В недостатке политического чутья не стоит винить одного Навального. Это характерная проблема для всей российской оппозиции – не особо скоординированной и не обладающей четкой структурой группы людей и организаций, противостоящих Кремлю в основном из изгнания. Уровень антипутинских настроений среди них можно понять: для многих это личный вопрос. Но форму их «борьбы» с Кремлем можно сравнить с борьбой экоактивистов против изменения климата. Среди них есть свои Греты (Тунберг), которые успешно выдвигают обвинения, но не способны предложить достаточно решений. Есть и свои Биллы (Гейтсы), которые с удовольствием жертвуют деньги на благие цели и выдвигают планы на будущее, но воздерживаются от прямого участия в политике.
Основное различие между экоактивистами и противниками Путина состоит в том, что проблема изменения климата – уже политизированный вопрос, а борьба против Путина – нет, по крайней мере внутри самой России. С точки зрения политики, изменение климата затрагивает интересы и граждан, и политиков, занимающих разные позиции, оцениваемых за свои действия по данной проблеме и борющихся со своими оппонентами для достижения своих политических целей. Хаотичная история участия США в Парижском соглашении по климату – хорошая иллюстрация этого процесса.

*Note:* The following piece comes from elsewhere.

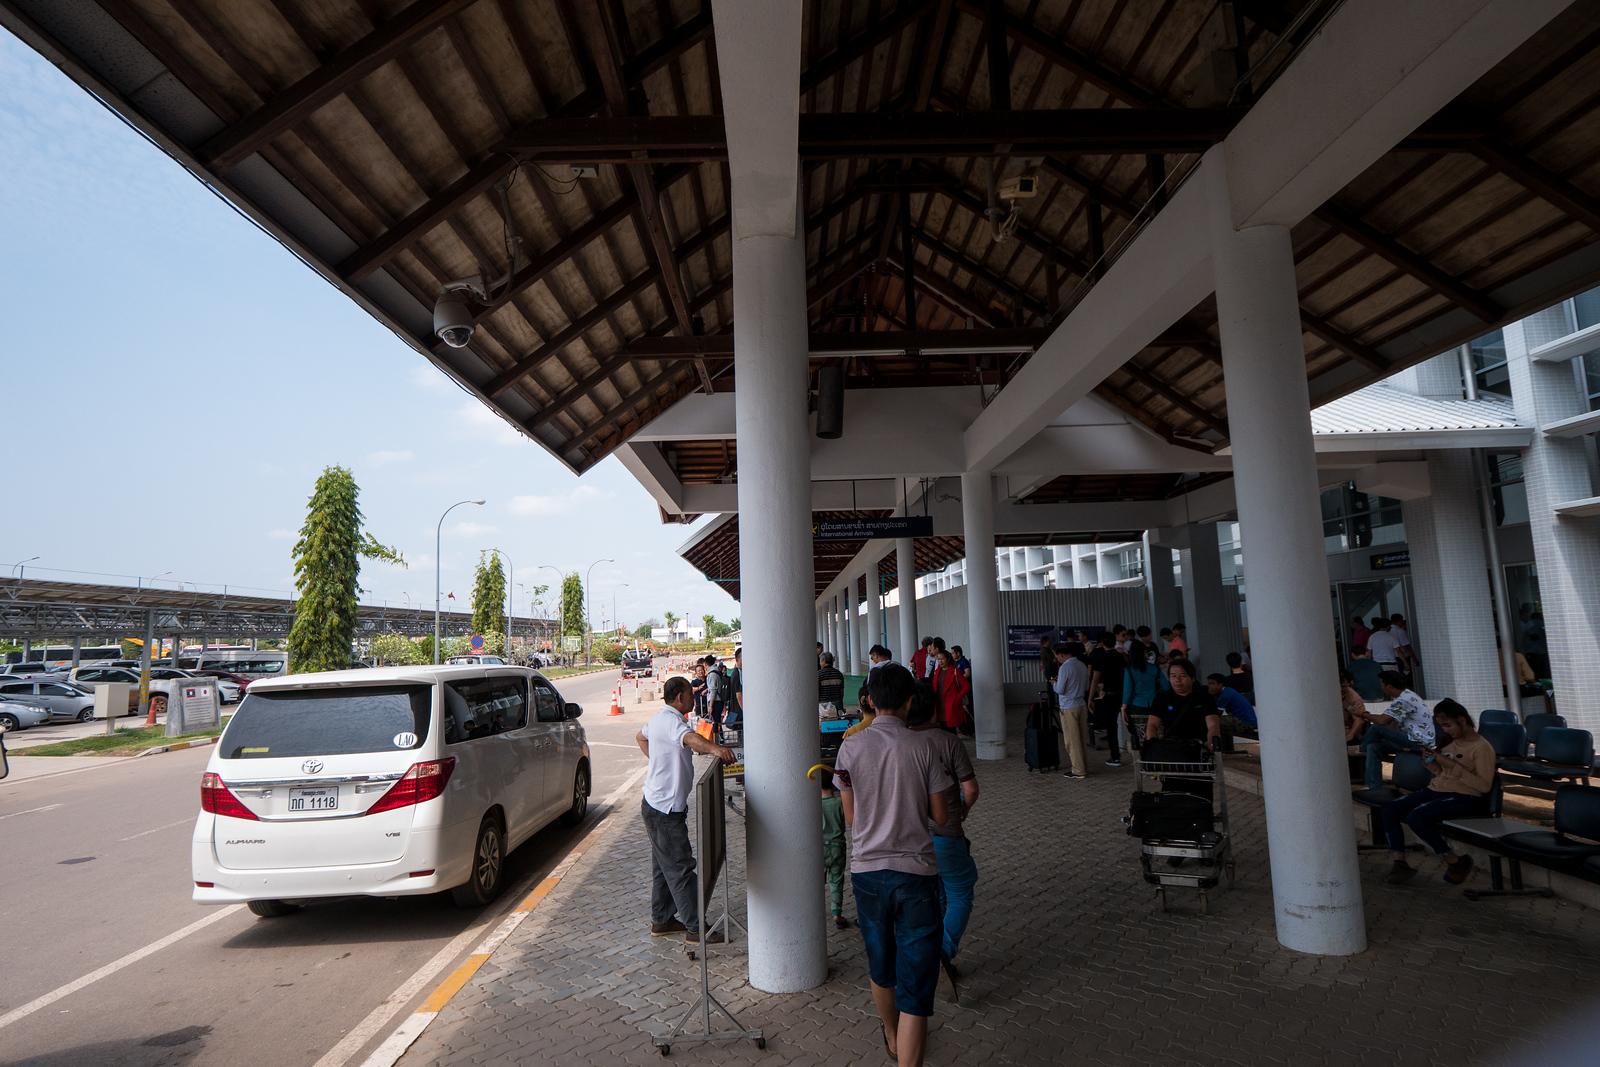 Vientiane aiport

Несмотря на антипутинизм российской оппозиции, президентство Путина остается для большинства россиян единственной точкой политического консенсуса. Люди могут не одобрять премьер-министра, Государственную Думу или губернаторов, но действующий президент россиянам действительно нравится. Они могут верить в связи Путина с коррумпированными политиками, в то, что интересы народа ему чужды и что его правление держится на силовиках, но отношение к нему остается скорее нейтрально-позитивным, чем негативным. Возможно, Тютчев был прав: «умом Россию не понять». Но в продолжение он также добавил, что «в Россию можно только верить», и 22,5 млн россиян были готовы поверить в Навального-политика. Однако но он сам, ведомый своим антипутинским активизмом, не поверил в них: в отличие от Ленина он не доверил массам свои идеи о будущем России.

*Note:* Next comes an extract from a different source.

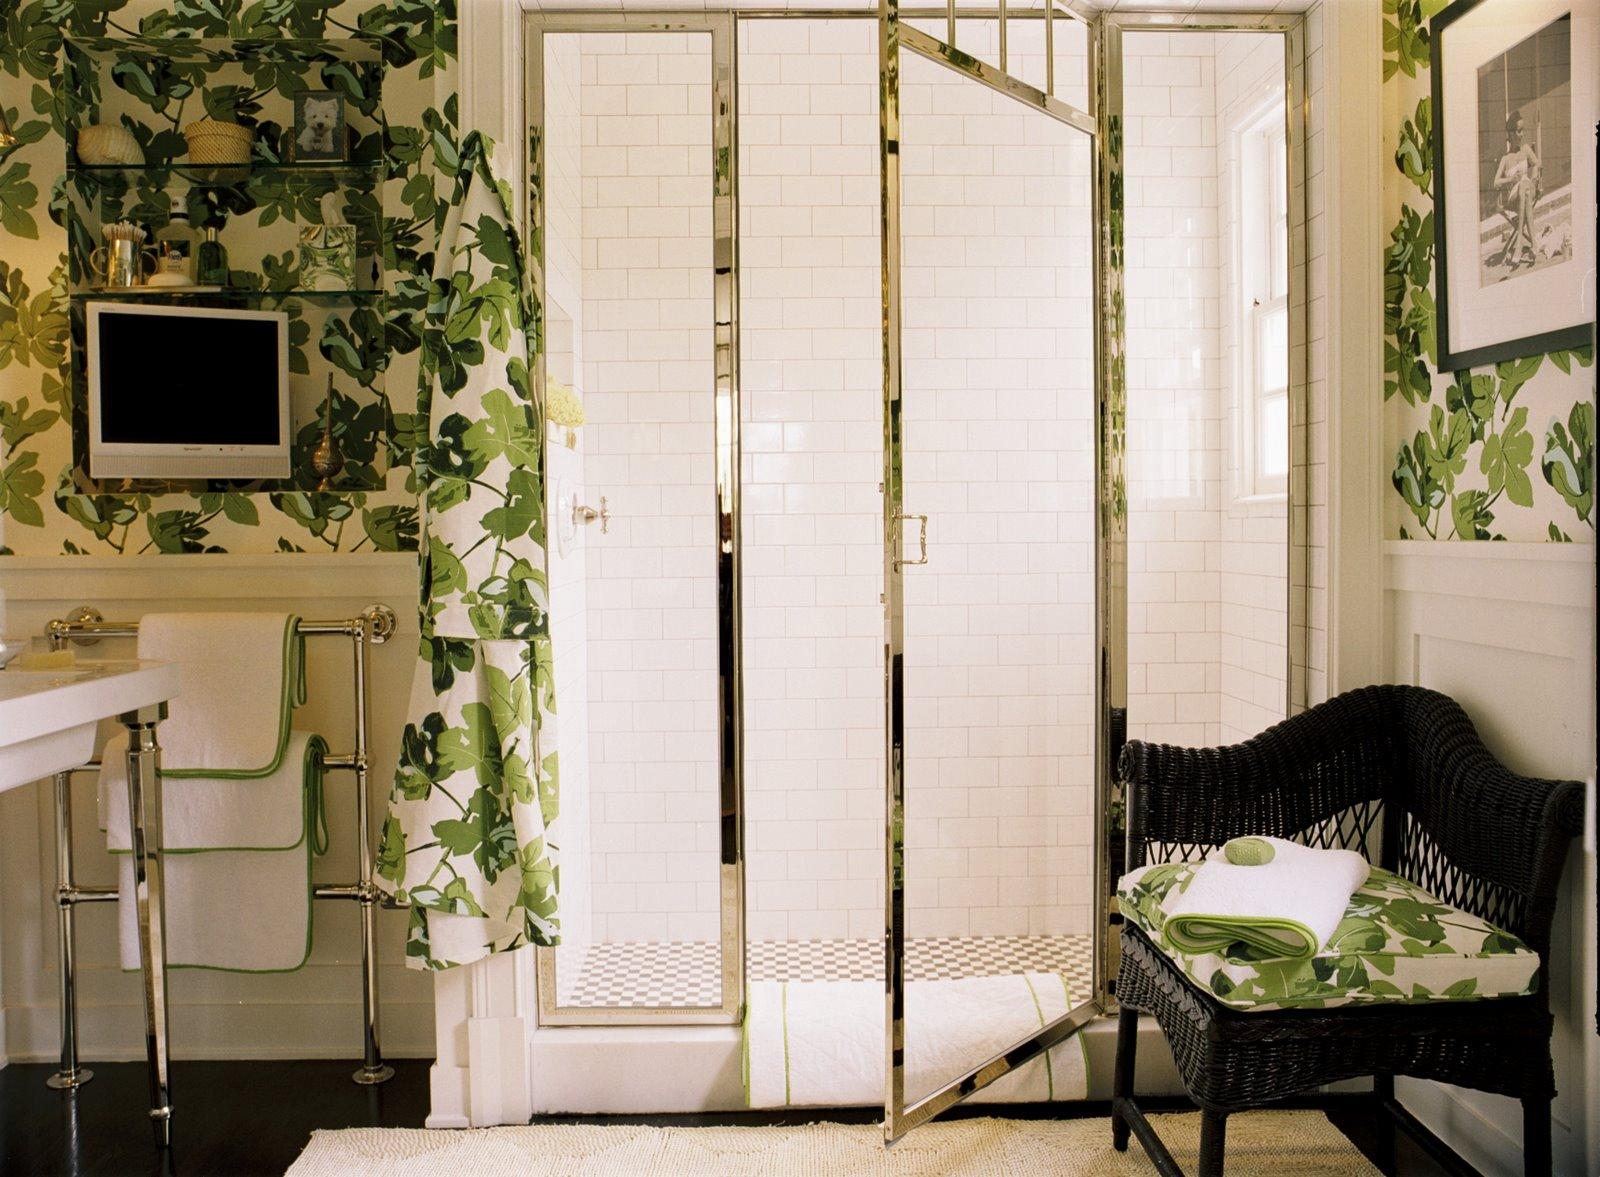 http://3.bp.blogspot.com/-nyu_3HOKzEc/T_7SJIkWLNI/AAAAAAAAGQM/FN1yr66Gyoo/s1600/bathroom2_for_portfolio.jpeg

В определенном смысле хорошо, что Навальный не Ленин. Возможно, его неспособность стать политиком и мобилизовать миллионы спасла Россию от очередной революции со всеми свойственными революциям трагическими последствиями – экономическими, военными, политическими и социальными. Возможно, Михаил Ходорковский прав и нам следует подождать «еще пять-десять лет», пока действующий режим в Москве не падет сам. Но в чем тогда состоит цель «дорожной карты для свободной России», созданной Фондом свободной России, «Принципов для России после Путина», написанных самим Ходорковским, плана реформ «России после Путина» Института современной России и других творческих проектов российской оппозиции? Что это, как не похлопывание друг друга по плечу? Как говорил сам Ходорковский, «никто не знает, как закончится режим Путина», и история России показывает, что смена власти в Кремле (мирная или нет), обычно становится сюрпризом (приятным или не очень) и для российских граждан, и для тех кто возглавляет этот процесс. Когда произойдет очередная смена власти, России понадобится настоящий политик, а не активист, чтобы повести страну вперед, но, похоже, пока такового у нее нет.
* Офер Фридман, PhD, специалист по военным исследованиям, преподаватель Королевского колледжа Лондона.